What you have to do
The data below should be transcribed in full, with no picture included.

Input data
──────

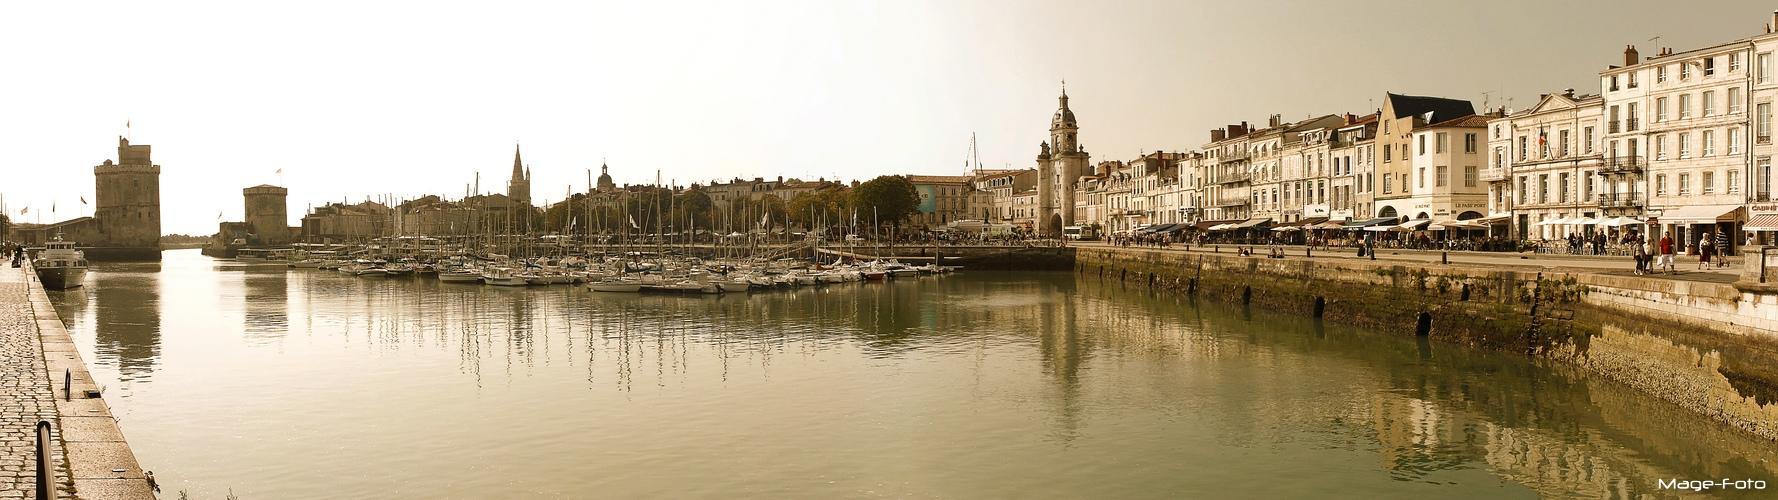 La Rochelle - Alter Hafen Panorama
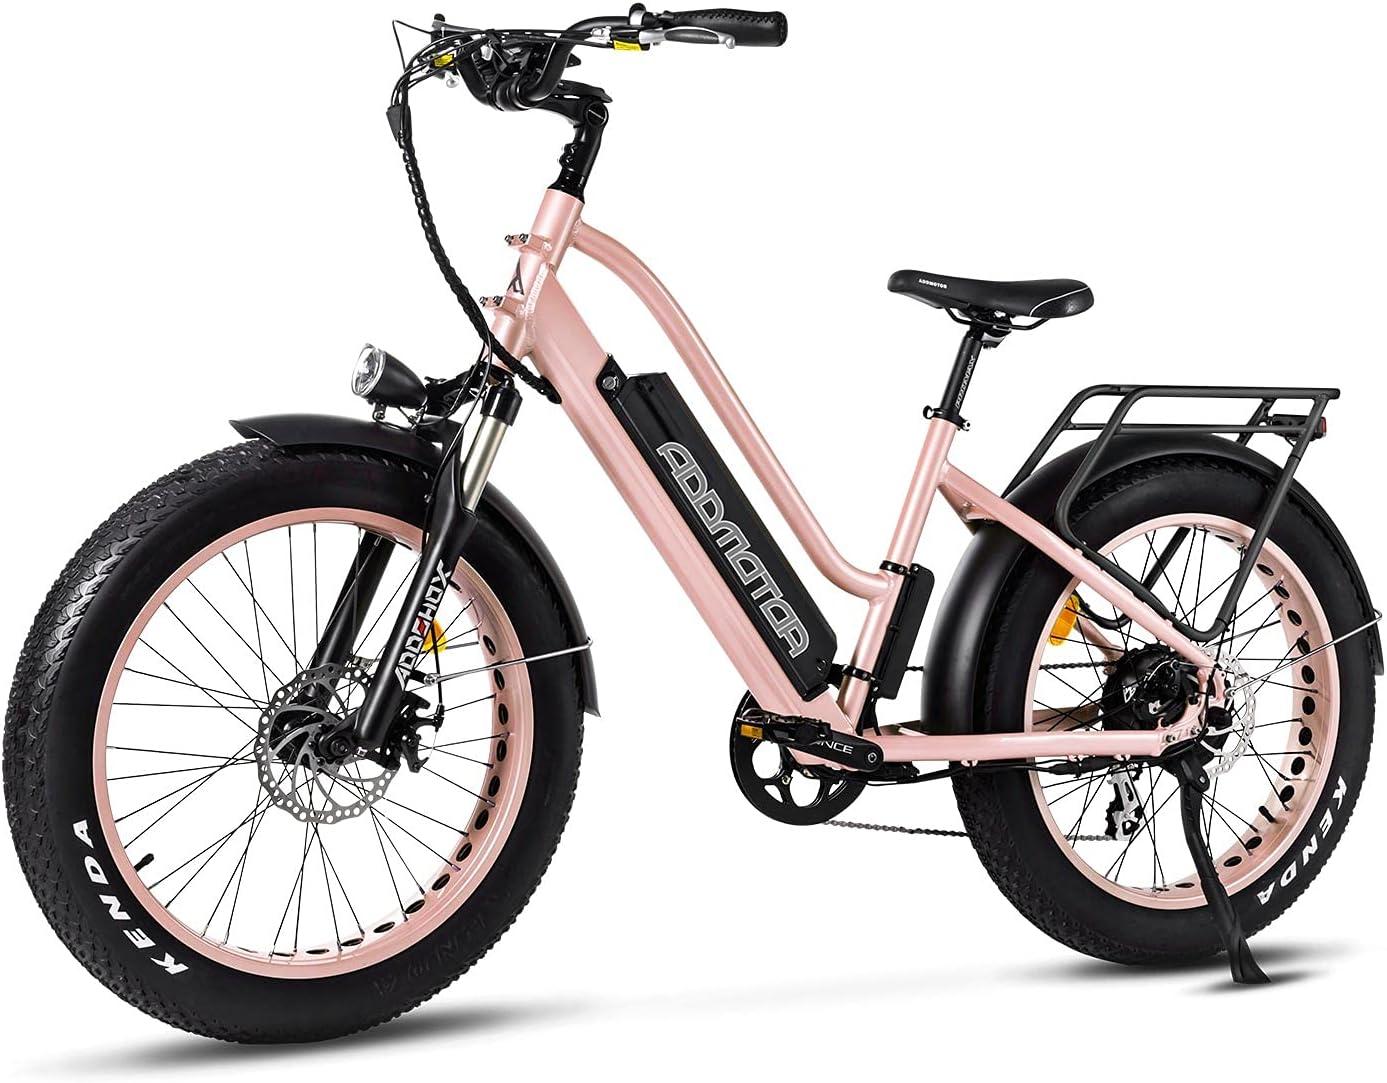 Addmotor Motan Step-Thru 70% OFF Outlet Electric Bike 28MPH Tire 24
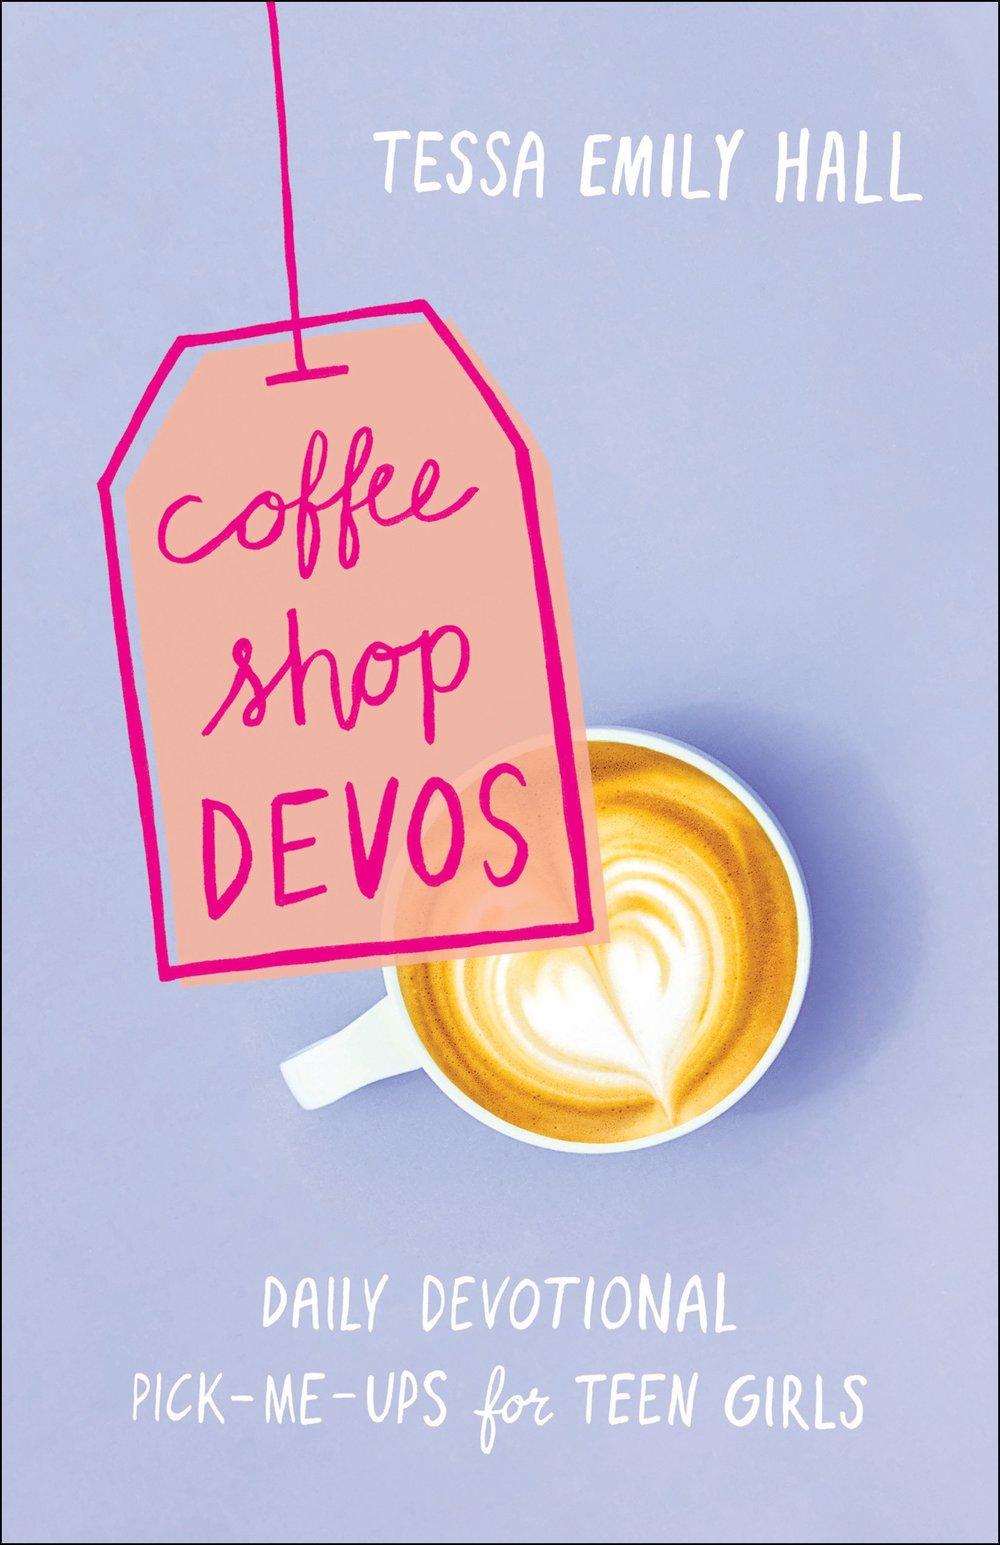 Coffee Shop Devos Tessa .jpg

──────

Problem solution
 La Rochelle - Alter Hafen Panorama
 Addmotor Motan Step-Thru 70% OFF Outlet Electric Bike 28MPH Tire 24
 Coffee Shop Devos Tessa .jpg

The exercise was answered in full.